## Your goal
For this exercise, copy the data exactly and omit any images.

## Source material
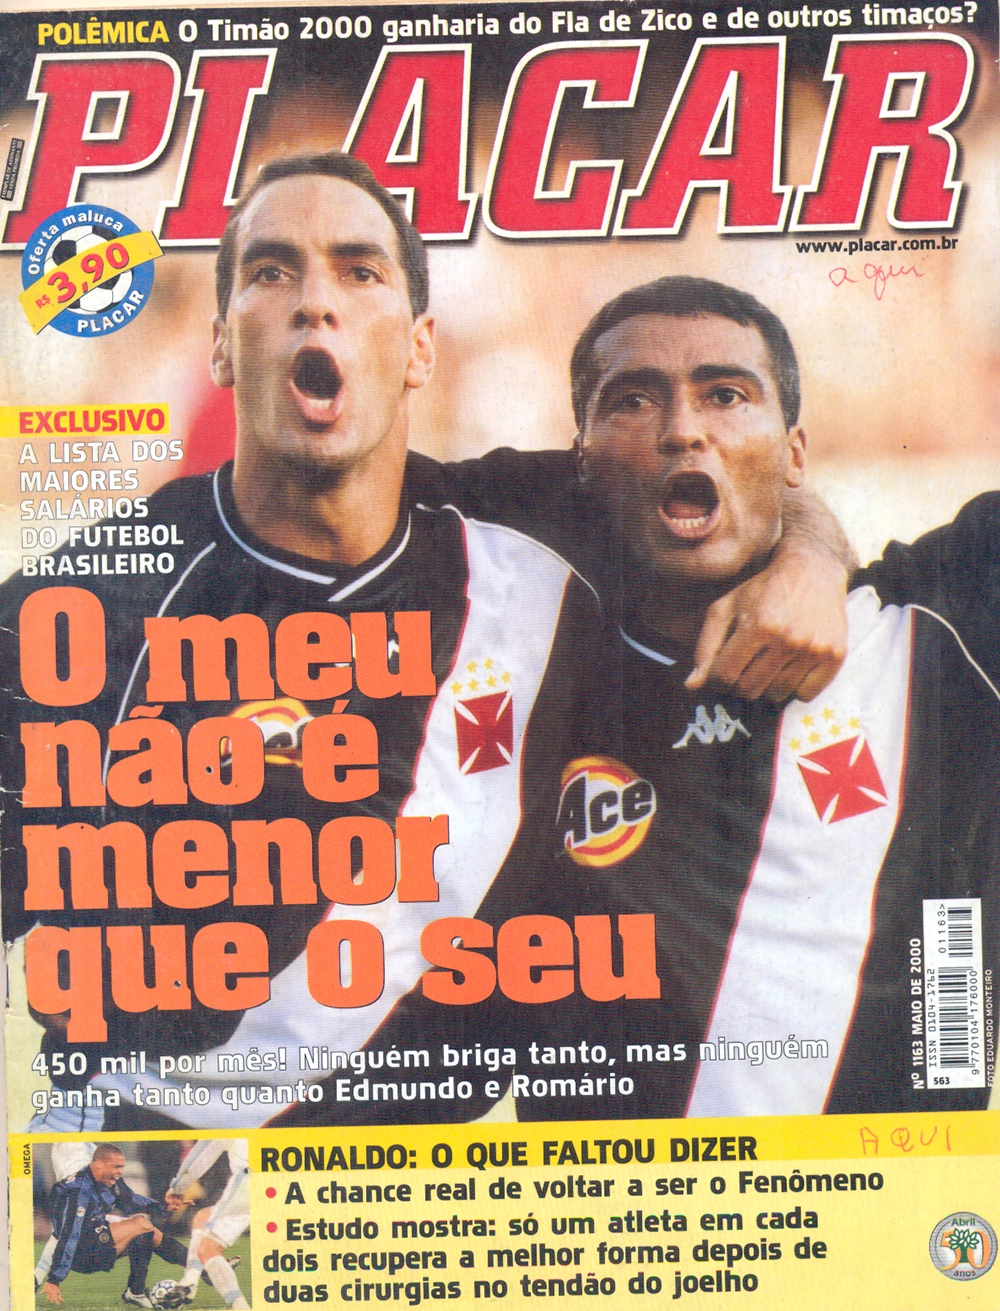 Edmundo e Romário estamparam a capa da Revista Placar do mês de maio do ano 2000. Imagem: reprodução
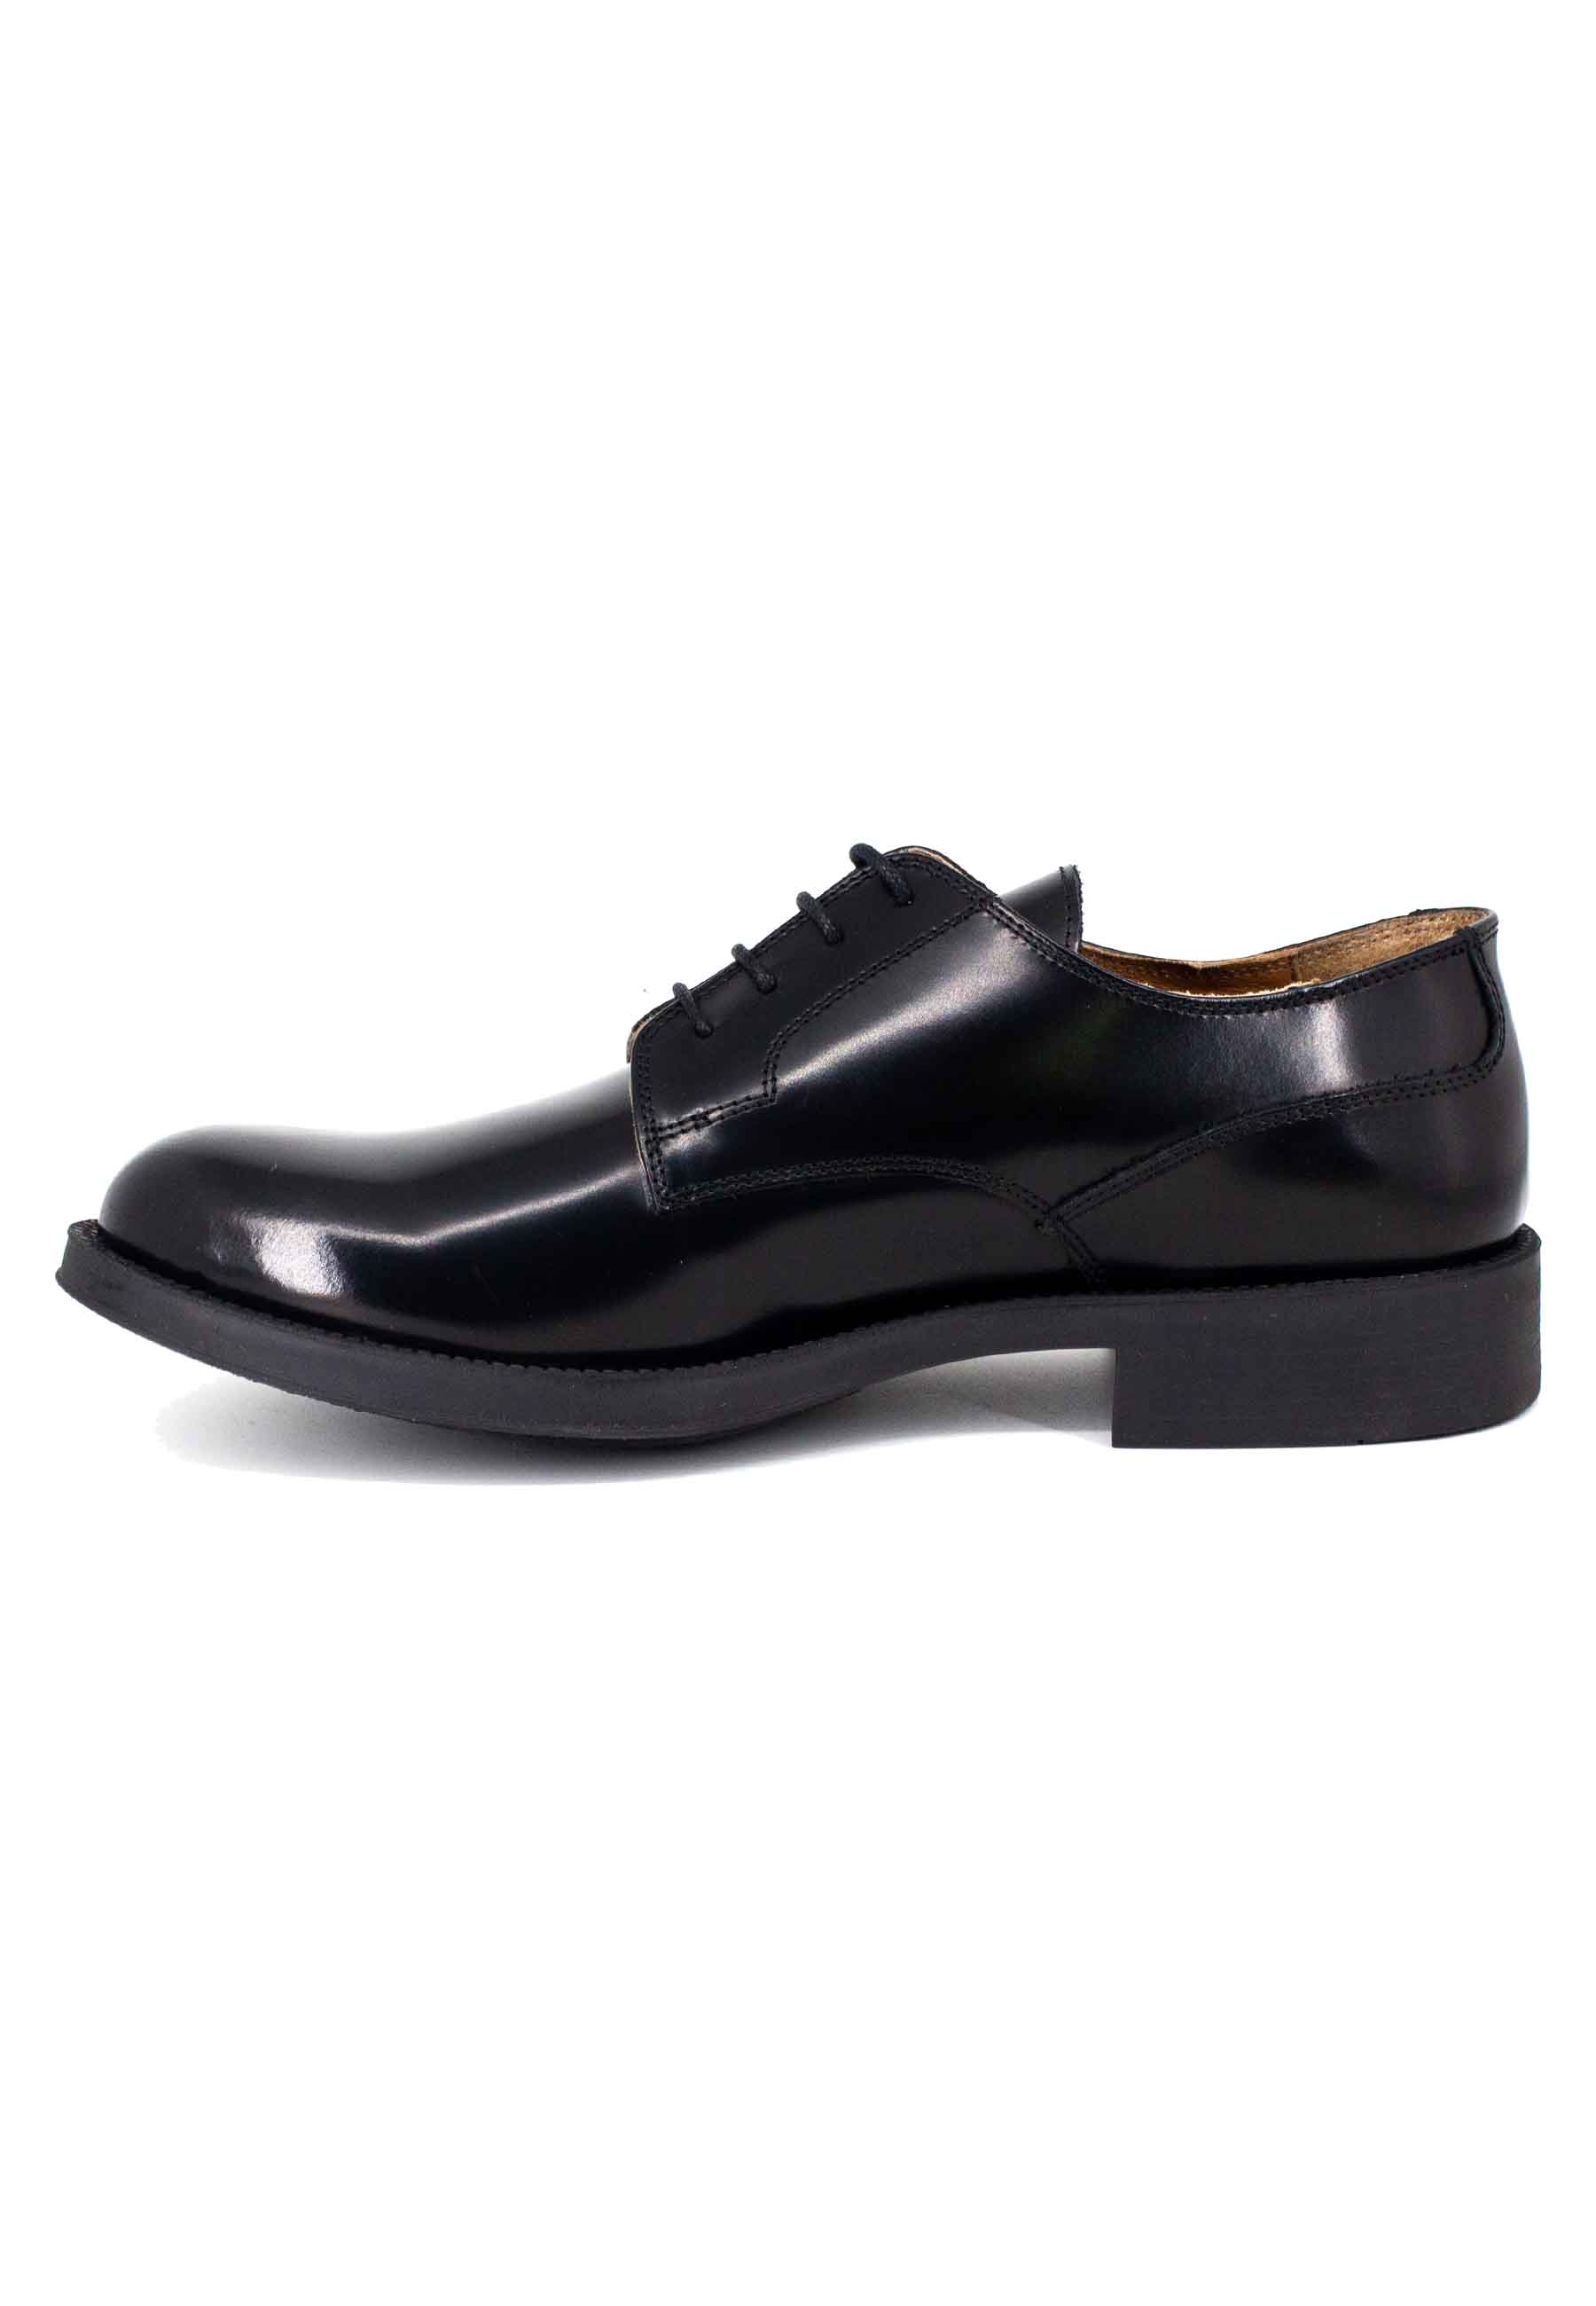 Chaussures à lacets pour hommes en cuir noir avec semelle en caoutchouc
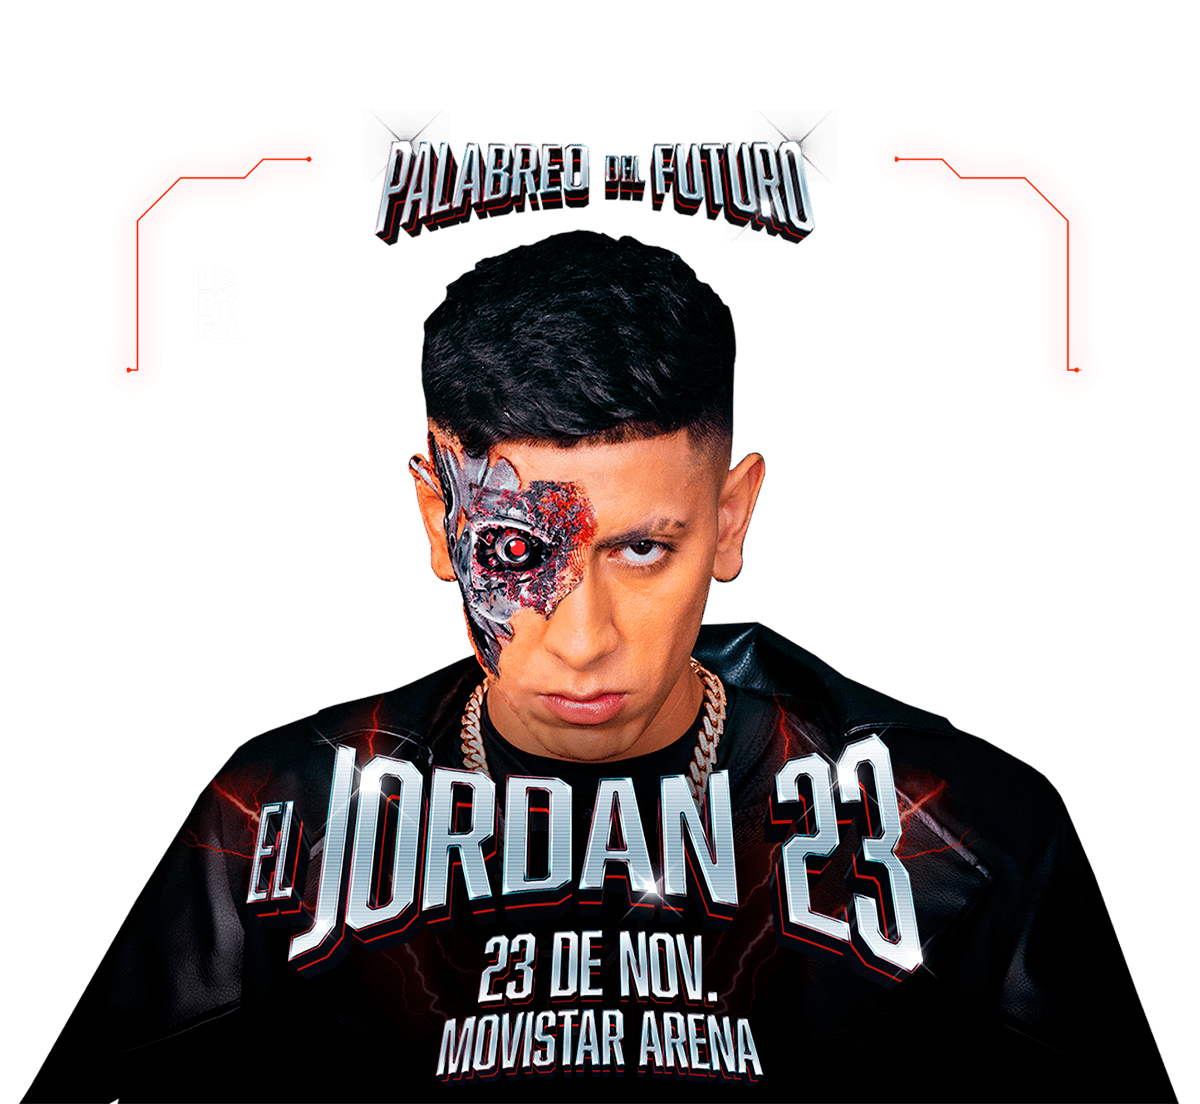 Jordan 23

## Answer area
 Edmundo e Romário estamparam a capa da Revista Placar do mês de maio do ano 2000. Imagem: reprodução
 Chaussures à lacets pour hommes en cuir noir avec semelle en caoutchouc
 Jordan 23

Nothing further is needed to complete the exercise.